До революции подмосковный поселок Малаховка слыл элитным дачным местом: здесь селились известные адвокаты и доктора, строительные подрядчики, видные журналисты, деятели культуры. В Малаховке жил философ и историк литературы М. Гершензон; 22-летний В. Маяковский приезжал сюда в гости к Брикам. Еврейская община поселка содержала небольшой детский дом для сирот; после революции, в период Гражданской войны, количество беспризорников выросло, и к 1919 году в поселке было уже целых пять детских приютов.

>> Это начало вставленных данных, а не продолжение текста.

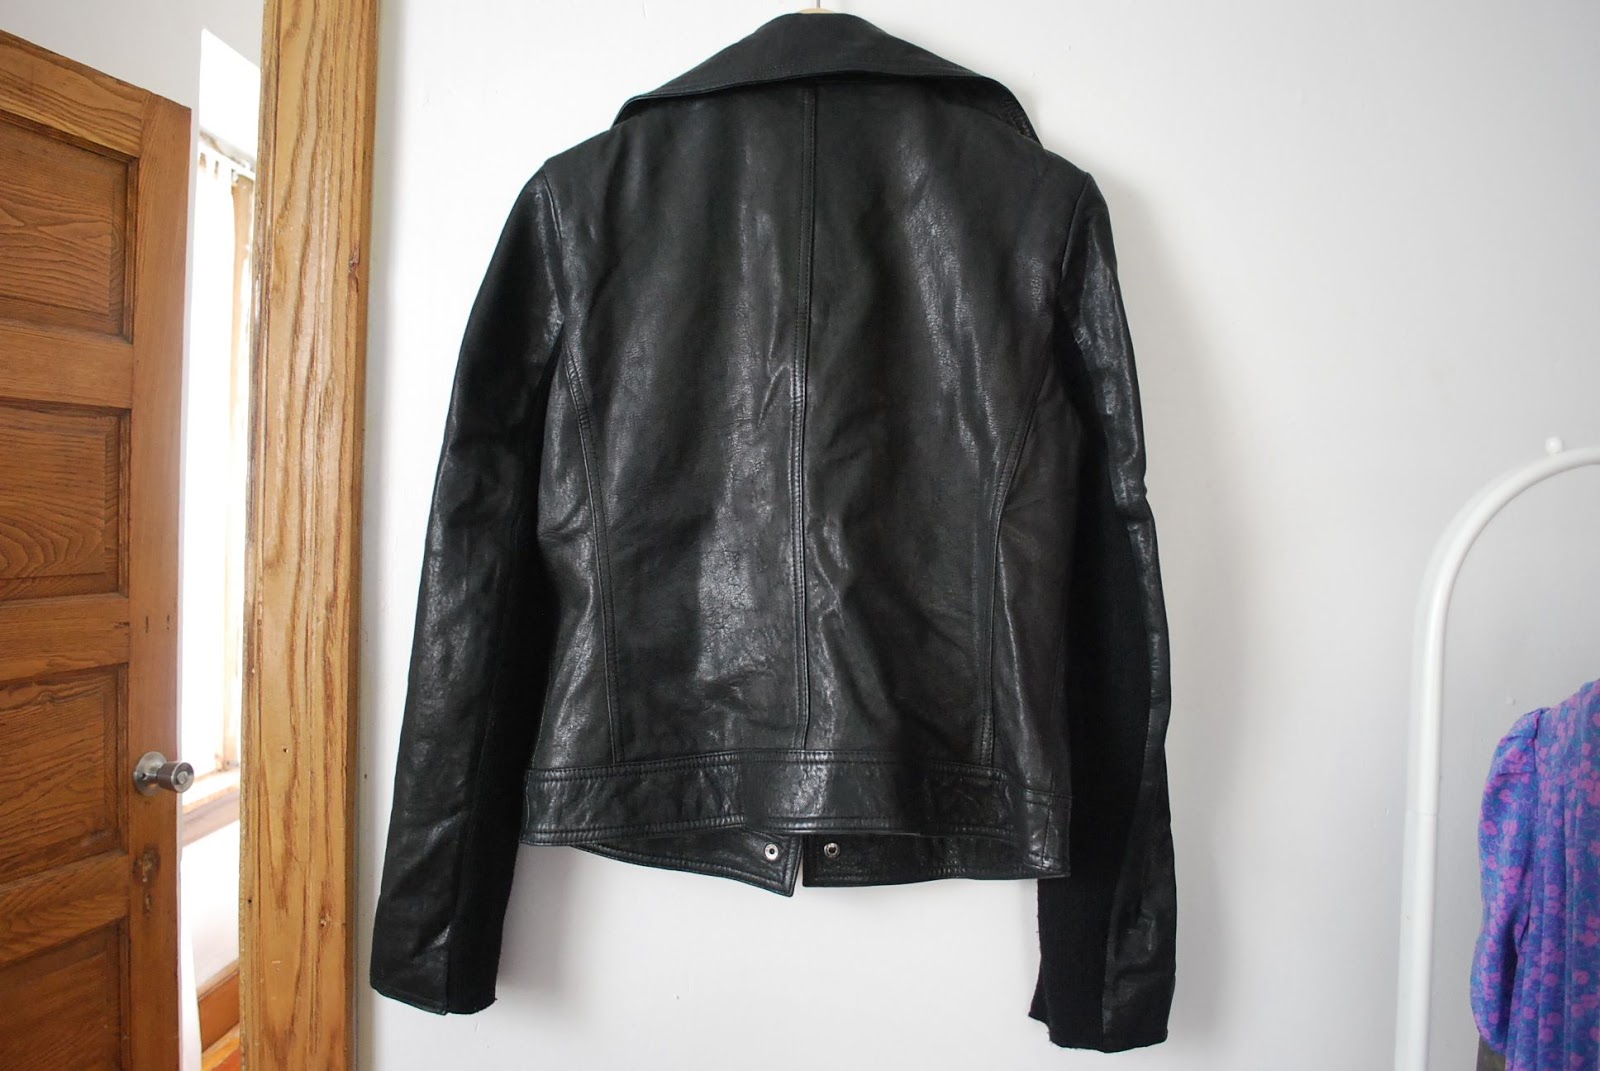 Item: Nine West leather jacket

Театрализованное представление «Пурим-шпиль», Малаховка

 

Примерно в ту же пору комиссариат Наробраза командирует в Малаховку коммуниста Боруха Шварцмана, чтобы он проинспектировал эти заведения. Шварцман работал учителем с 1912 года; на Украине он организовывал на средства рабочих подпольные еврейские школы, где преподавались, естественно, общеобразовательные предметы, но большое внимание уделялось и революционной пропаганде. Вот что писал он в «Культур унд билдинг», органе еврейского отдела Наробраза (№ 2–3, 1920 г.): «Что я нашел в Малаховке? 125 детей, сбежавшихся со всех концов России, чтобы спастись в столице. Различными путями они попадали в еврейские Тарбут-школы, которые были религиозными. Тогда они еще существовали в Москве. Большинство учителей – сионисты, они старались снабдить детей тфилин, также учили их петь “Атикву”. Никто из учителей не думал организовывать детей в товарищеский коллектив, не заботился об их будущем… Я подумал: под крылом советской власти можно вести настоящую педагогическую работу».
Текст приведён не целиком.